***** GIVEN DATA *****
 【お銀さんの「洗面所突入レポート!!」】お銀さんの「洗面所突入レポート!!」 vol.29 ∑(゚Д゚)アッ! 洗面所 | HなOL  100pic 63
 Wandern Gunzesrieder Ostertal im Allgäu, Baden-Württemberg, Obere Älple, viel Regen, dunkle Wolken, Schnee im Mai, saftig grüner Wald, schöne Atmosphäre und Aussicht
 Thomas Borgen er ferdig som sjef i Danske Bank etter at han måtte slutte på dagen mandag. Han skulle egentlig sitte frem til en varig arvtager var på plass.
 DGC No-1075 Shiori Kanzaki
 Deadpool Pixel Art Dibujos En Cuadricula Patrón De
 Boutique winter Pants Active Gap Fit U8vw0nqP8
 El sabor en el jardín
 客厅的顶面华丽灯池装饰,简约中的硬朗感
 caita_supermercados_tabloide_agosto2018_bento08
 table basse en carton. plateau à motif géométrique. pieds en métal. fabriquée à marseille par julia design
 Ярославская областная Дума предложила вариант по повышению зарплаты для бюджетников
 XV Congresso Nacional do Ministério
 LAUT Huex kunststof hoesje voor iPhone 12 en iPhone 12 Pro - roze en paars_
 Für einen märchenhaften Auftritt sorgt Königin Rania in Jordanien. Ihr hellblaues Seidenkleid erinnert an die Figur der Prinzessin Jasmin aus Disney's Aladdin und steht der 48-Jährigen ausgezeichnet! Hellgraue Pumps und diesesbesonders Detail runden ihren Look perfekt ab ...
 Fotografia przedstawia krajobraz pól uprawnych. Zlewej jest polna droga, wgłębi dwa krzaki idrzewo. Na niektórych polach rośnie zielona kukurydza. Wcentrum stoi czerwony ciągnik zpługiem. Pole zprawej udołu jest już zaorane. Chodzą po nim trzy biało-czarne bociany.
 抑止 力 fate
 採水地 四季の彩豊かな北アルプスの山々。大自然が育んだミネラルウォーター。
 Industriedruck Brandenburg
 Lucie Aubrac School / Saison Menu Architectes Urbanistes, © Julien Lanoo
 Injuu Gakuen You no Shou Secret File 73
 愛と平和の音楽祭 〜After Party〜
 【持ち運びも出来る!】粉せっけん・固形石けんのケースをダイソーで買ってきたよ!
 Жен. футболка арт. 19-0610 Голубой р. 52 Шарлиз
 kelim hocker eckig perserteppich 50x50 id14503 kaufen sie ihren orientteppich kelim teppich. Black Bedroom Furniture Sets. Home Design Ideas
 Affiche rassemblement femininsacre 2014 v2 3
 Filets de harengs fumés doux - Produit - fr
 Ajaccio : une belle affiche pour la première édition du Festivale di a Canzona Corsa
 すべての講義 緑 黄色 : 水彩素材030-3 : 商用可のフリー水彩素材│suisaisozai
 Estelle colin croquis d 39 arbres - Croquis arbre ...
*****
**EXERCISE GOAL:**
The answer is a single number, the count of lines in the records that contain the string "ihren".

**RESPONSE BELOW:**
2